Not All Prefills Are Equal: PPD Disaggregation for Multi-turn LLM Serving

Prefill-Decode (PD) disaggregation has become the standard architecture for modern LLM inference engines, which alleviates the interference of two distinctive workloads. With the growing demand for multi-turn interactions in chatbots and agentic systems, we re-examined PD in this case and found two fundamental inefficiencies: (1) every turn requires prefilling the new prompt and response from the last turn, and (2) repeated KV transfers between prefill and decode nodes saturate the bandwidth, leading to high latency and even service degradation. Our key insight is that not all prefill operations are equally disruptive: append-prefill, which processes only the new input tokens while reusing cached KV states, incurs an order-of-magnitude smaller decoding slowdown than full prefill. This motivates routing append-prefill to decode nodes locally. However, through comprehensive analysis, we show that no single fixed routing strategy satisfies all Service Level Objectives (SLOs) simultaneously. Based on this insight, we propose Prefill Prefill-capable Decode (PPD) disaggregation, a dynamic routing system that decides when to process Turn 2+ requests locally on decode nodes using cached KV states.
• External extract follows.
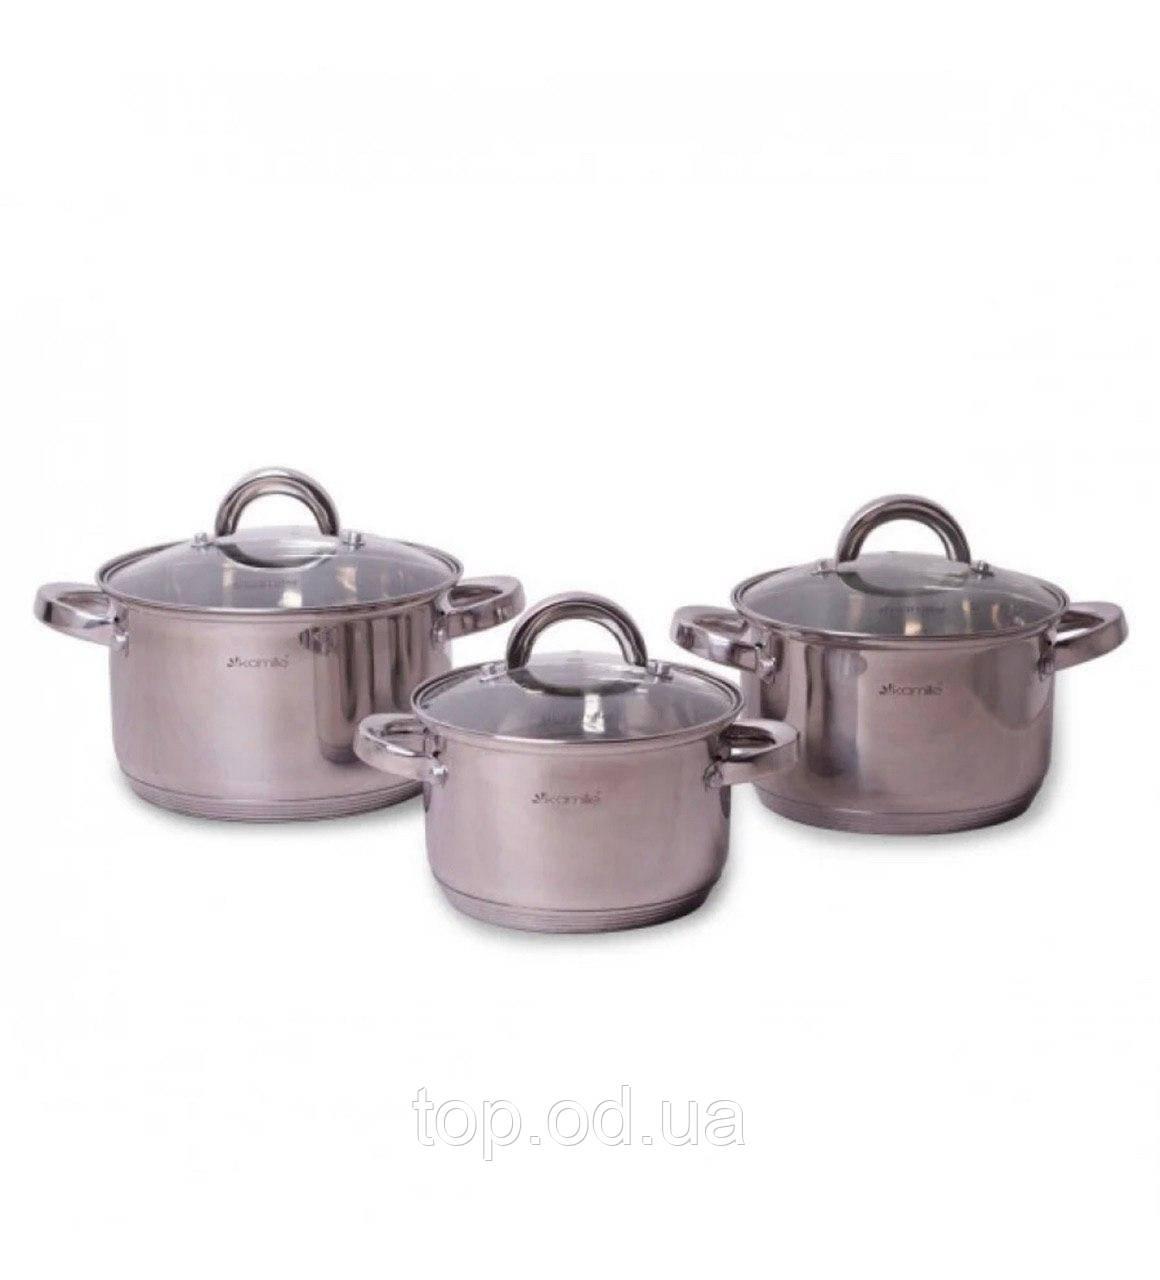 A5628S Набор кастрюль 6 предметов (1л, 1.8л, 2.5л; полые ручки) из нержавеющей стали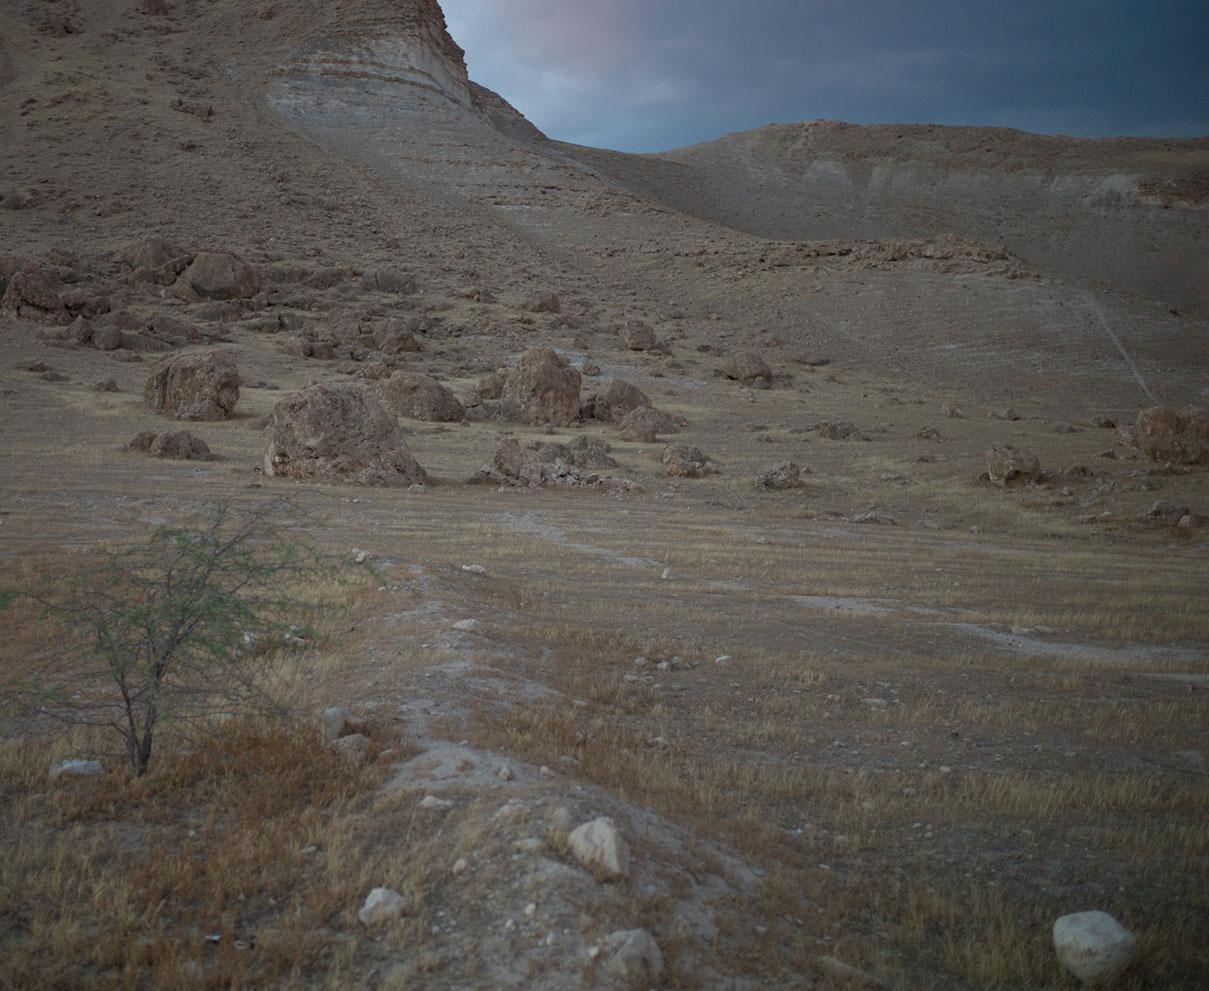 דויד סקורי - צילום נוף במדבר להדפסה ומסגור

PPD adapts to varying SLOs via configurable weights and seamlessly integrates with traditional PD deployments. With extensive evaluations, we show that PPD reduces Turn 2+ time-to-first-token (TTFT) by $\sim$68\% while maintaining competitive time-per-output-token (TPOT), effectively alleviating KV transfer congestion under high load. PPD provides a flexible and efficient paradigm for multi-turn LLM serving.

翻译：预填充-解码（PD）分解已成为现代LLM推理引擎的标准架构，可有效缓解两类不同工作负载间的相互干扰。随着聊天机器人与智能体系统对多轮交互需求的日益增长，我们重新审视了该场景下的PD机制，发现其存在两个根本性低效问题：（1）每轮交互都需对当前新提示词及上一轮响应进行预填充；（2）预填充节点与解码节点间反复的KV缓存传输会饱和带宽，导致高延迟甚至服务降级。我们的核心洞察在于：并非所有预填充操作都具有同等干扰性——仅处理新输入令牌同时复用缓存KV状态的追加式预填充（append-prefill），其造成的解码减速幅度比完整预填充小一个数量级。这一发现启示我们可将追加式预填充路由至解码节点本地处理。然而通过全面分析，我们证明没有任何单一固定路由策略能同时满足所有服务水平目标（SLO）。基于此洞察，我们提出预填充-可预化解码（PPD）分解——一种动态路由系统，可自主决策何时利用缓存KV状态在解码节点本地处理第二轮及后续请求。PPD通过可配置权重适配不同SLO，并能无缝集成传统PD部署。大量评估表明，PPD将第二轮及后续请求的首令牌生成时间（TTFT）降低约68%，同时保持具有竞争力的每输出令牌时间（TPOT），有效缓解高负载下的KV传输拥塞。PPD为多轮LLM服务提供了灵活高效的范式。